Saint Petersburg - Government

Government

Further information: Government in Saint Petersburg and Administrative divisions of Saint Petersburg The city assembly meets in the Mariinsky Palace

Saint Petersburg is a federal subject of Russia (a federal city). The political life of Saint Petersburg is regulated by the city charter adopted by the city legislature in 1998. The superior executive body is the Saint Petersburg City Administration, led by the governor (mayor before 1996). Saint Petersburg has a single-chamber legislature, the Saint Petersburg Legislative Assembly.

According to the federal law passed in 2004, heads of federal subjects, including the governor of Saint Petersburg, are nominated by the President of Russia and approved by local legislatures. If the legislature disapproves the nominee, it is dissolved. The former governor, Valentina Matviyenko, was approved according to the new system in December 2006. She was the only woman governor in the whole of Russia till her resignation on August 22, 2011. Matviyenko stood for elections as member of the Regional Council of St. Petersburg and won comprehensively with allegations of rigging and ballot stuffing by the opposition. Russian President Dmitry Medvedev has already backed her for the position of Speaker to the Federal Assembly of the Russian Federation and her election qualifies her for that job. After her resignation, Georgy Poltavchenko was appointed as the new acting governor the same day.

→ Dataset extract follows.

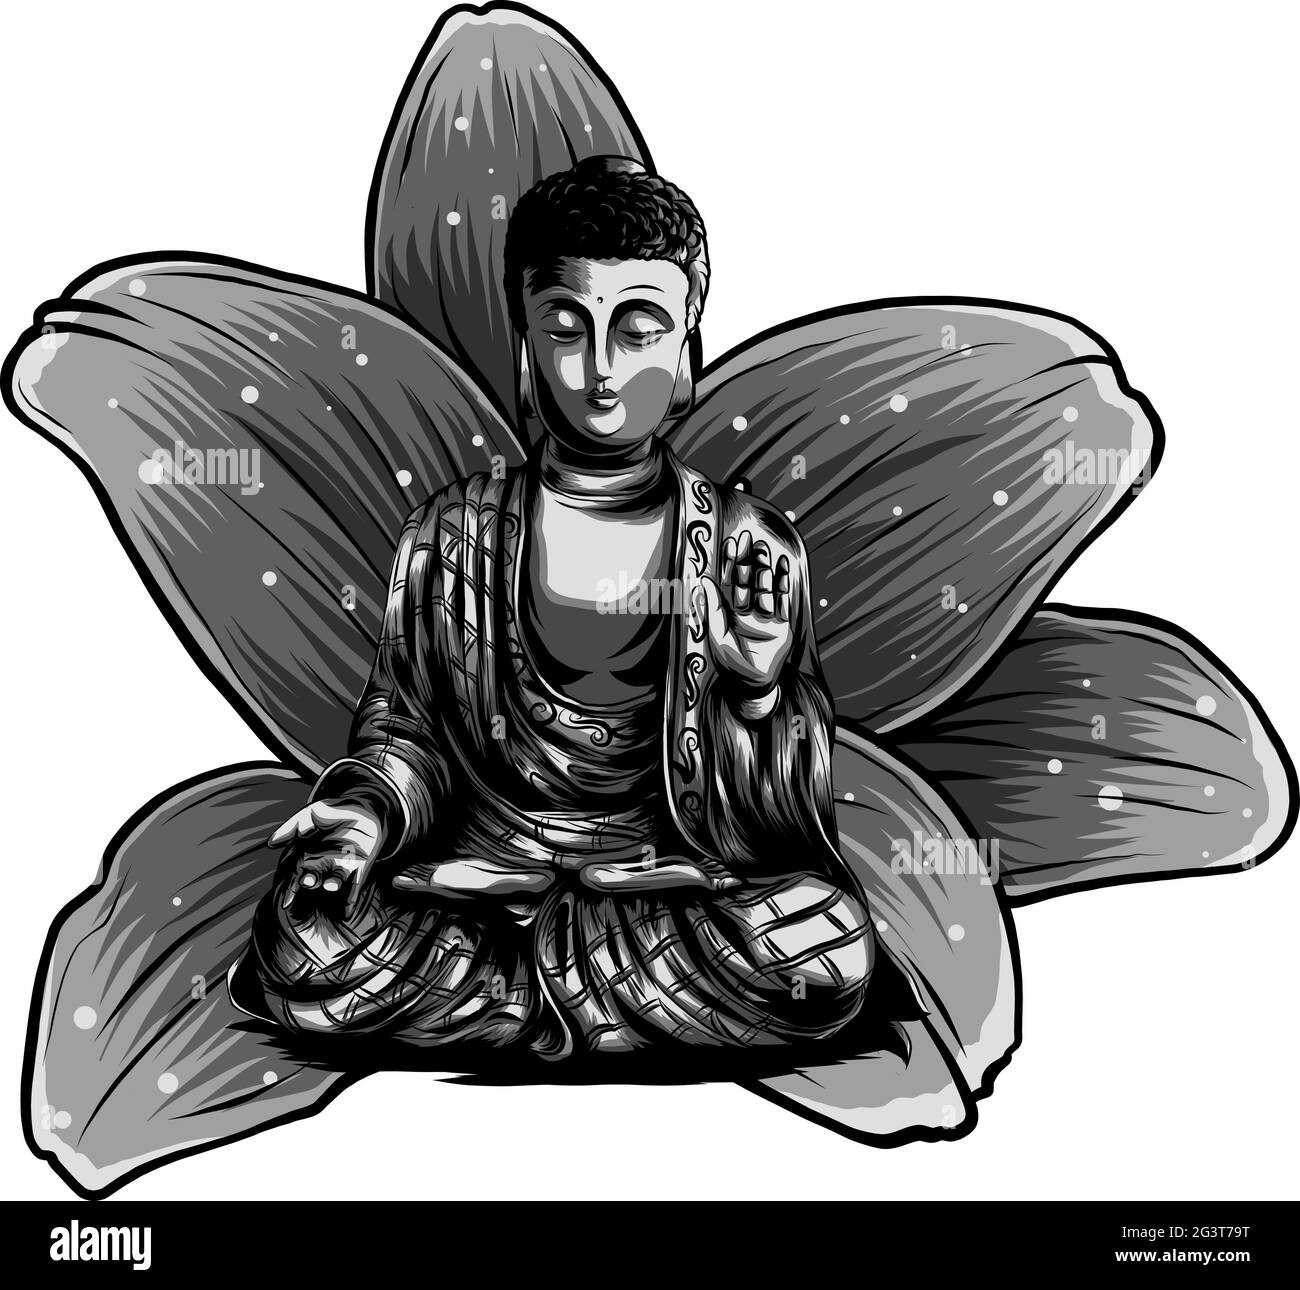 Buddha sitzt auf einem Lotus Hintergrund Vektor illustrartion Stock Vektor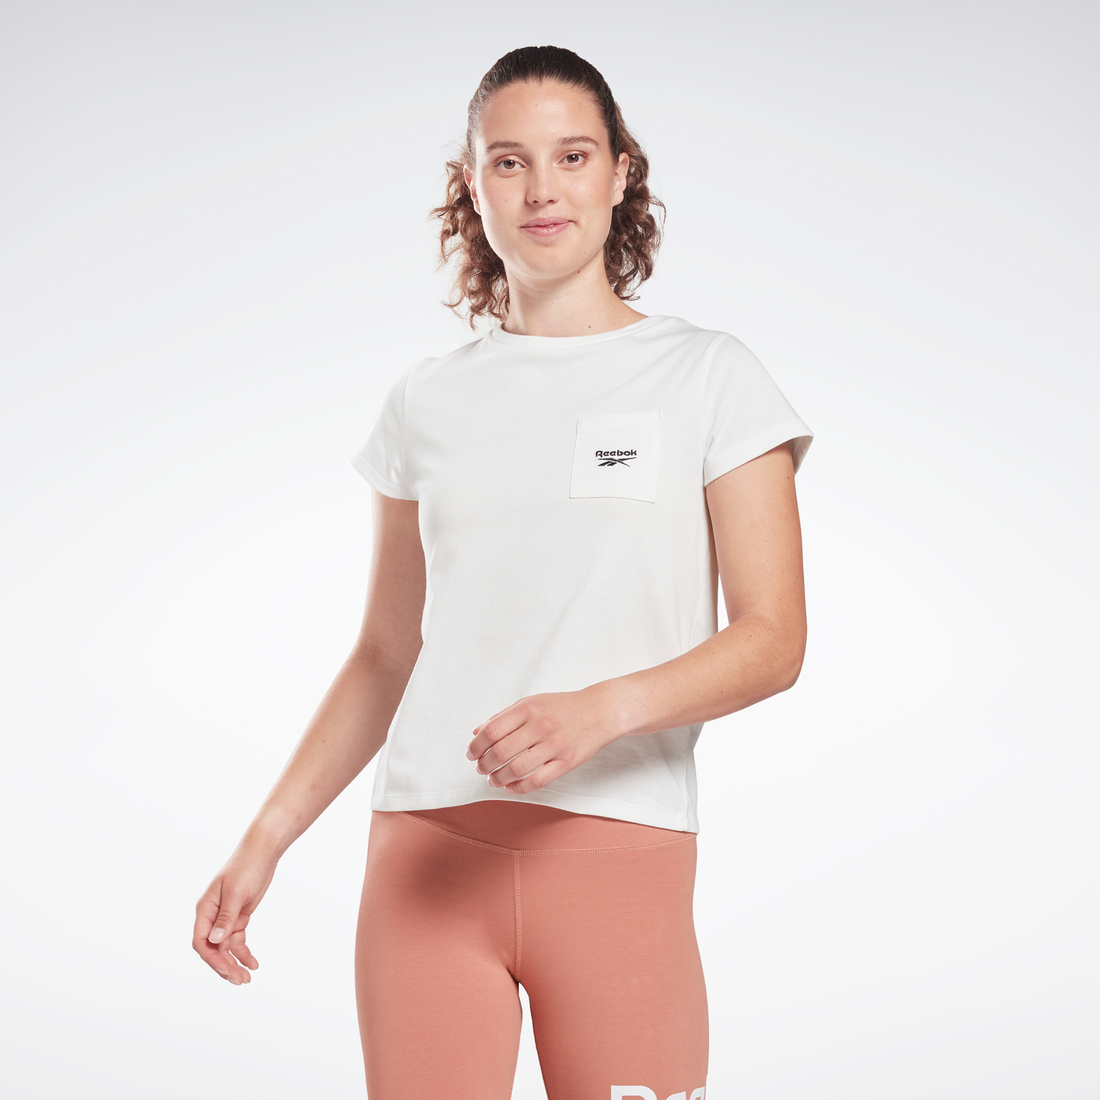 アイデンティティ ポケット Tシャツ / Identity Pocket T-Shirt （ホワイト） -Reebok 公式オンラインショップ

Saint Petersburg city is currently divided into eighteen districts. Saint Petersburg is also the administrative centre of Leningrad Oblast, and of the Northwestern Federal District. The Constitutional Court of Russia moved to Saint Petersburg from Moscow in May 2008.

Saint Petersburg and Leningrad Oblast, being two different federal subjects, share a number of local departments of federal executive agencies and courts, such as court of arbitration, police, FSB, postal service, drug enforcement administration, penitentiary service, federal registration service, and other federal services.